August Heinrich Hoffmann von Fallersleben, Autor der Nationalhymne, verkörpert den Kampf gegen die fürstliche Kleinstaaterei und für die Einigung eines liberalen Deutschlands. Das Museum zeigt die Verbindung zwischen deutscher Dichtung und Demokratie im 19. Jahrhundert und deren Aktualität heute.


Als Zeitzeuge einer turbulenten Epoche wurde Hoffmann von Fallersleben schon früh politisiert. Im Kampf zwischen den liberalen und demokratischen Kräften und der alten Adelsordnung bezog er klar Position und behandelte in seiner Dichtung vielfach die in der Zeit der napoleonischen Besatzung gewährten, dann aber wieder zurückgenommenen Bürgerrechte.
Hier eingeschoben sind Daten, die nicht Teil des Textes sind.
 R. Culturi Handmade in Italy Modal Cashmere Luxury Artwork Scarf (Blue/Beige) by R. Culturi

Sein Einsatz für ein liberales, demokratisches und geeintes Deutschland war allerdings auch durchsetzt mit antifranzösischen und antijüdischen Elementen, die einerseits eine Reaktion auf historische Ereignisse und Konfliktlagen darstellten (etwa die französischen Territorialansprüche in der Rheinkrise 1840/41), zeigen aber auch, wie bereits im frühen Nationalismus oft exklusive, alles Fremde ausschließende Komponenten enthalten sind.
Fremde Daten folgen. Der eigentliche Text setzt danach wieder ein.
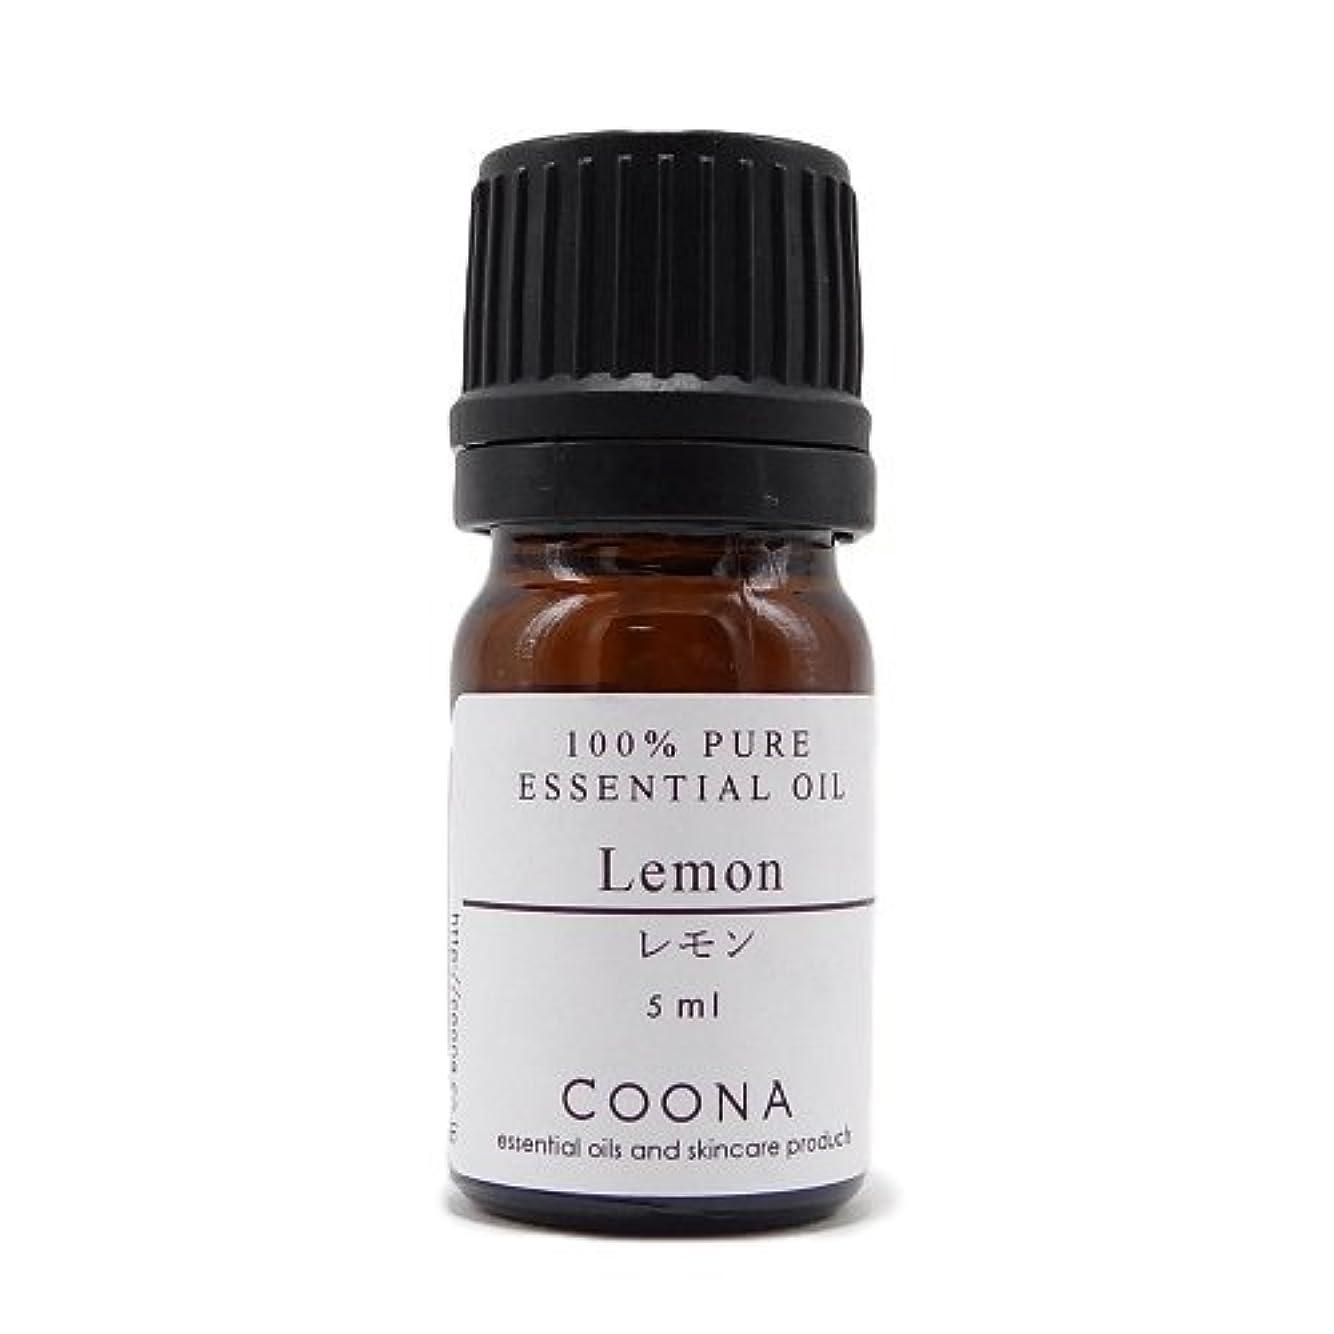 潜むフロンティアバナナレモン 5 ml (COONA エッセンシャルオイル アロマオイル 100%天然植物精油)

Die Dauerausstellung im Fallersleber Fachwerkschloss zeigt den BesucherInnen wie in einer Zeitreise den Dichter der deutschen Nationalhymne und lässt diese in das für die deutsche Geschichte so wichtige 19. Jahrhundert eintauchen. Dabei lernen sie den kleinen Fallersleber Jungen ebenso kennen wie den romantisch verliebten Studenten oder den oft detektivisch arbeitenden Wissenschaftler. Besonders betont die Ausstellung die Aktualität Hoffmann von Fallerslebens und die Bedeutung seiner Ideen im geeinten Deutschland und Europa.